Plot individual runs and means for bins.

%matplotlib inline

# Add individual k-fold runs
for run in range(number_of_splits):
    plt.plot(results_model_probability.loc[run],
             results_fraction_positive.loc[run],
             linestyle='--',
             linewidth=0.75,
             color='0.5')
    
# Add mean
plt.plot(results_model_probability.mean(axis=0),
         results_fraction_positive.mean(axis=0),
         linestyle='-',
         linewidth=2,
         color='darkorange',
         label='mean')

# Add diagonal
plt.plot([0,1],[0,1],
         linestyle='--',
         label='theoretical')

plt.xlabel('Model probability')
plt.ylabel('Fraction positive')

plt.title('Reliability plot')

plt.grid()
plt.legend()
plt.show()
_images/50_check_calibration_26_0.png

Observations#

  • Using k-fold splits and taking the mean we can see our model probability is reasonably well calibrated.

  • Testing the model calibration gives us confidence that the probabilities reported by the model are reasonable.

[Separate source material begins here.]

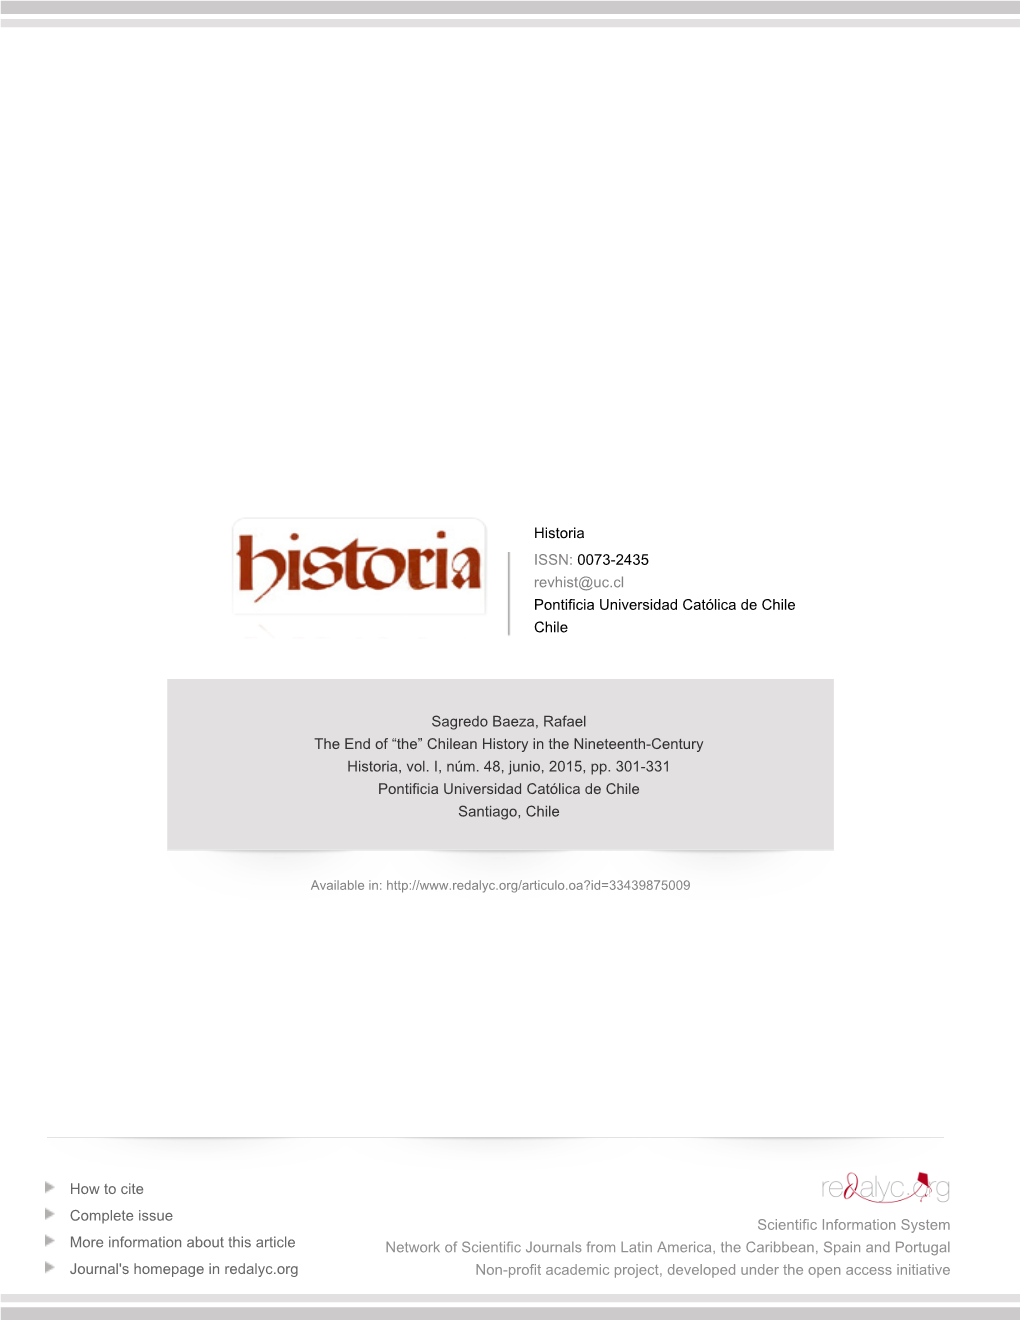 The End of “The” Chilean History in the Nineteenth-Century Historia, Vol

What do do if a model is poorly calibrated#

If a model is poorly calibrated (if the calibration curve is significantly offset from the diagonal) then the model may be recalibrated. The most common method of recalibration is to take the probability output of the calibration data set(s) and fit a logistic regression model using those outputs and the known y values (survived or not) for those probabilities. This is known as Platt scaling. Another method is known as isotonic scaling, but is prone to over-fitting, so is only suitable for large data sets.

Platt scaling may be easily implemented by adding in a logistic regression model fitted to the output of the calibration test. Platt scaling and isotonic scaling may also be performed by using the CalibratedClassifier method built in to sklearn:

https://scikit-learn.org/stable/modules/generated/sklearn.calibration.CalibratedClassifierCV.html

For an example of recalibration here, see the notebook: “The effect of over-sampling and under-sampling on model calibration” (in the section on working with imbalanced data sets).